Сообщение дошло до флота на Тоболе и Кулаков прочитал его вслух.
— Итак, мы изгои! — сказал священник, возвращая письмо Ермаку. — Иначе и не могло быть! Царь никого не прощает!
— Он простит! — резко ответил Ермак. — Я положу к его ногам Сибирь. Ни один разбойник никогда не делал большего подарка своему преследователю. Вперёд, Олег Васильевич! В новый мир...
Он стоял под наполненным ветром парусом и, прищурившись, смотрел на берег. С обеих сторон быстрые всадники Маметкуля сопровождали струги и пускали град стрел, когда плот или лодка подходили достаточно близко к берегу.
— Мне нужно вернуться в Россию, пока я не состарился. Я должен убить Мушкова!
Глава одиннадцатая
На третий день пути Люпин догнал дочь.
Он не думал, что у него получится. Последние сто вёрст он бессильно сидел в седле, ухватившись за уздечку или конскую гриву, и предоставил лошади бежать самостоятельно. Все кости болели, тело горело изнутри, мир качался и дрожал перед глазами, но Люпин оставался в седле, зная, что никогда не сможет снова в него сесть, если спешится.

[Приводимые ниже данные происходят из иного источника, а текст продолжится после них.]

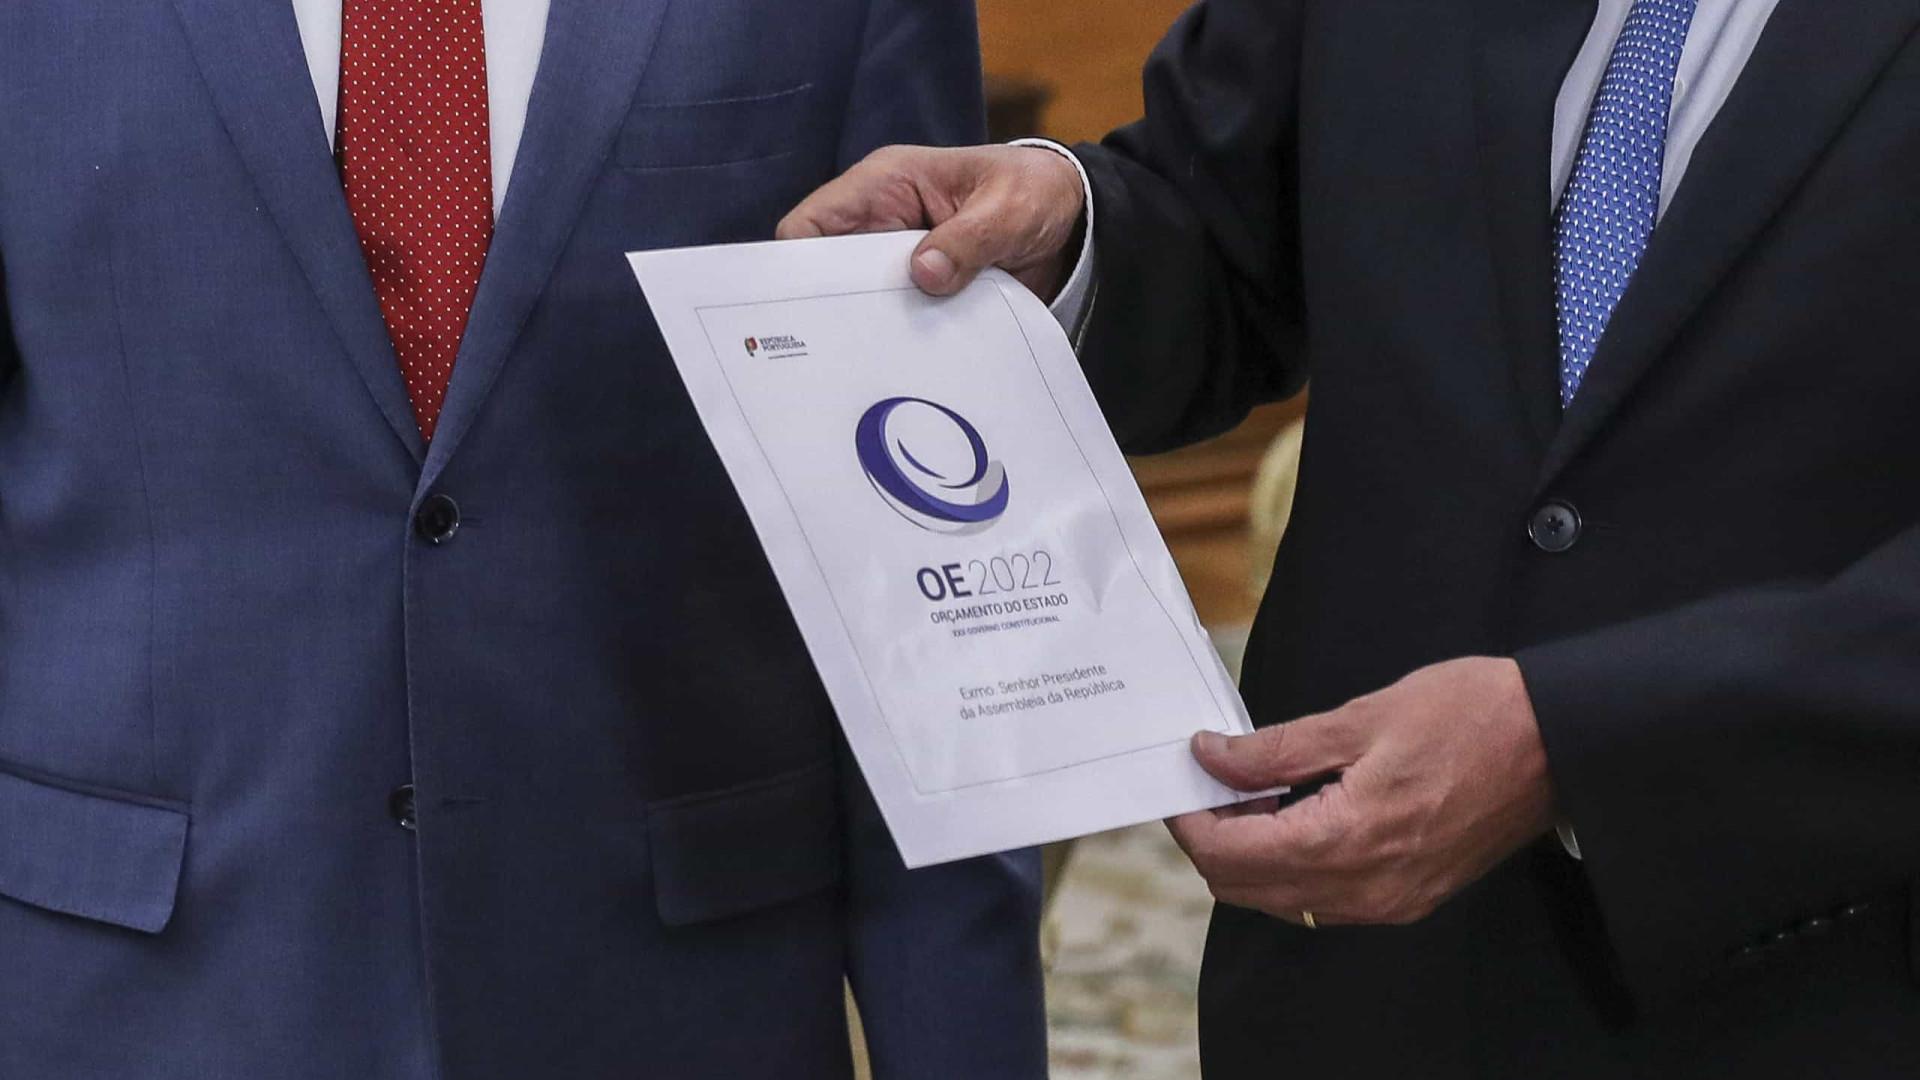 OE2022: PCP e Bloco de Esquerda reúnem hoje órgãos máximos

Однако дистанция с преследующими их шестью казаками уменьшалась, потому что, в отличие от Мушкова и Люпина, они, недолго думая, забирали в каждом поселении свежих лошадей и скакали быстрее, чем беглецы на своих измождённых, спотыкающихся лошадках.
Тем временем Мушков и Марина добрались до небольшой укреплённой станции на Туре. Лошади шатались от усталости. Станция состояла из трёх деревянных изб, обнесённых забором из толстых брёвен: торговый пост, охотничий склад и — как же иначе — церквушка с молодым священником. Он выполнял основную работу в этой местности: проповедовал остякам и татарам веру Христову, показывал им красочные иконы святых, обещал вечную жизнь, которую они представляли не так, как говорила церковь, и усердно крестил, удивляясь их готовности. Остяки просто верили, что после окропления святой водой становятся бессмертными, и поэтому торопились креститься, но священник не вникал в суть происходящего. А когда с наступлением оттепели умерли девять некрещёных, но выжили все, кого священник окропил святой водой, новая вера была признана обладающей волшебной силой.

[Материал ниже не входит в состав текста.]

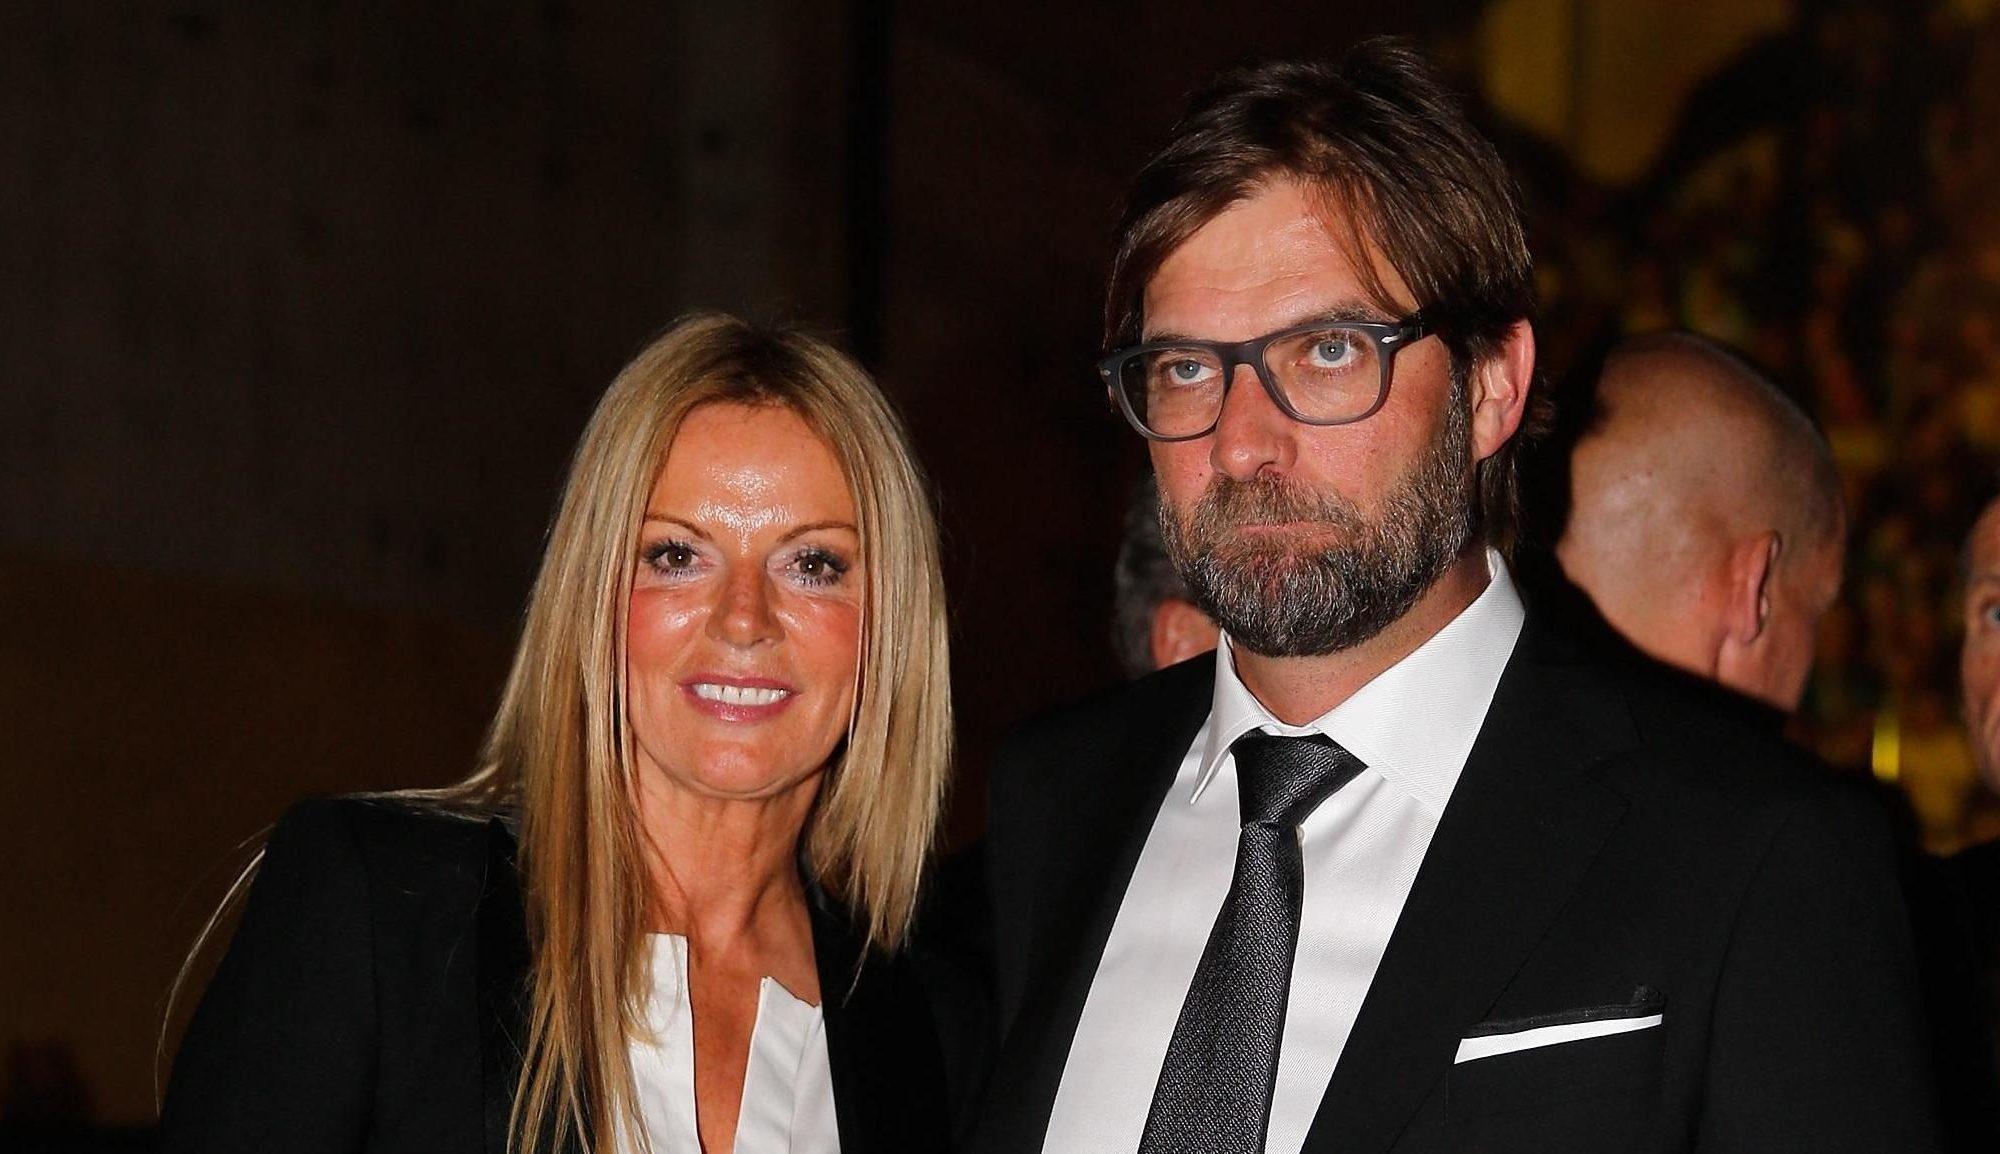 Soția lui Jurgen Klopp nu l-a lăsat să semneze cu Manchester United. Sursă foto: goal.com

Мушков в одиночку проехал через ворота, чтобы проверить, кто находится на маленькой станции. Охотники разъехались, чиновники Строгановых его не знали и смотрели как на простого казака, торговать с которым не было смысла: больше потеряешь, чем приобретёшь.
Таким образом, осторожничавшего Мушкова дружелюбно приветствовал лишь священник.
— Ты ведь Иван Матвеевич? — воскликнул он, взмахнув руками. — Лучший друг Ермака? Брат, что ты здесь делаешь? Только не говори, что ты один в живых остался!
— Со мной ещё один казак, — сказал Мушков. — Борис.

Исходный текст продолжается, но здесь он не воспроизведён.